De voorgestelde structuur bevat:
- Sociale doelstellingen;
- Verschillende typen substantiële bijdragen;
- Criteria voor “geen significante schade aanrichten” (do no significant harm, DNSH);
- Minimale waarborgen
1. Wat zijn de sociale doelstellingen?
Er zijn 3 sociale doelstellingen met subdoelstellingen:
- Fatsoenlijk werk inclusief werknemers in de waardeketen van bedrijven.
- Subdoelstellingen: leefbaar loon, gezondheid en veiligheid, permanente educatie;
- Adequate levensstandaard en welzijn voor ‘eindgebruikers’ van producten en diensten.
- Subdoelstellingen: gezondheidszorg, sociale woningbouw, langdurige zorg, educatie;
- Inclusieve en duurzame gemeenschappen en samenlevingen.
- Subdoelstellingen: toegang tot basis infrastructuur (openbaar vervoer, elektriciteit, water, telecommunicatie, financiële diensten, kinderopvang), inclusie van mensen met een handicap.
2. Welke typen substantiële bijdragen zijn er?
Voor elke doelstelling zijn er 2 typen substantiële bijdragen:
- Voorkomen en adresseren van de negatieve impact.
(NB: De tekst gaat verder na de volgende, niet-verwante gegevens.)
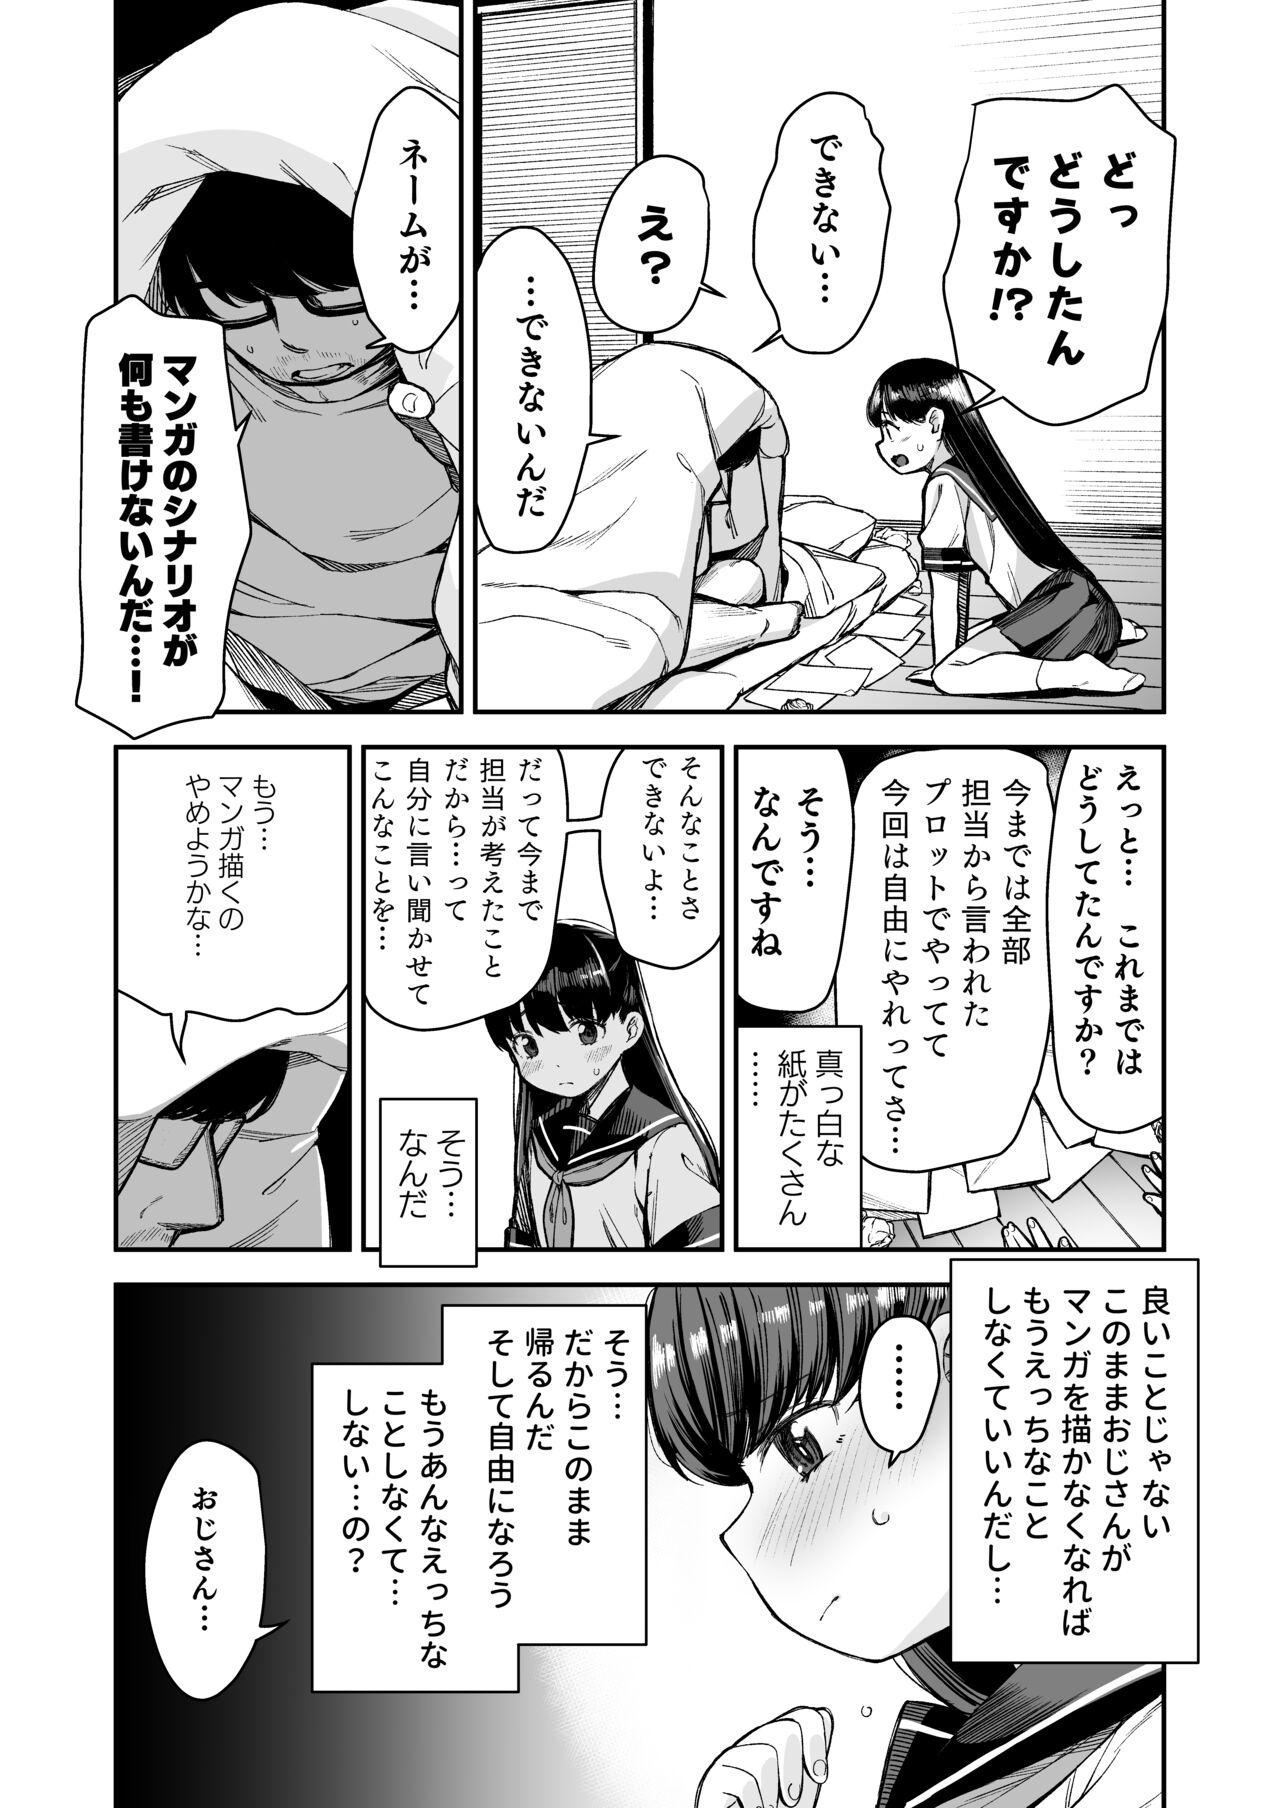 Do-M Shoujo wa, Manga no Naka de. 25

Het gaat hier om activiteiten in sectoren met grote sociale risico’s, zoals sectoren die door de energietransitie worden geraakt en sectoren waar werknemers worden onderbetaald. Bijscholing respectievelijk een leefbaar loon kunnen hier soelaas bieden.
- Vergroten van de positieve impact. Het gaat hier bijvoorbeeld om activiteiten die de toegang tot basisbehoeften (huisvesting, water, voedsel, gezondheidszorg, onderwijs) vergroten.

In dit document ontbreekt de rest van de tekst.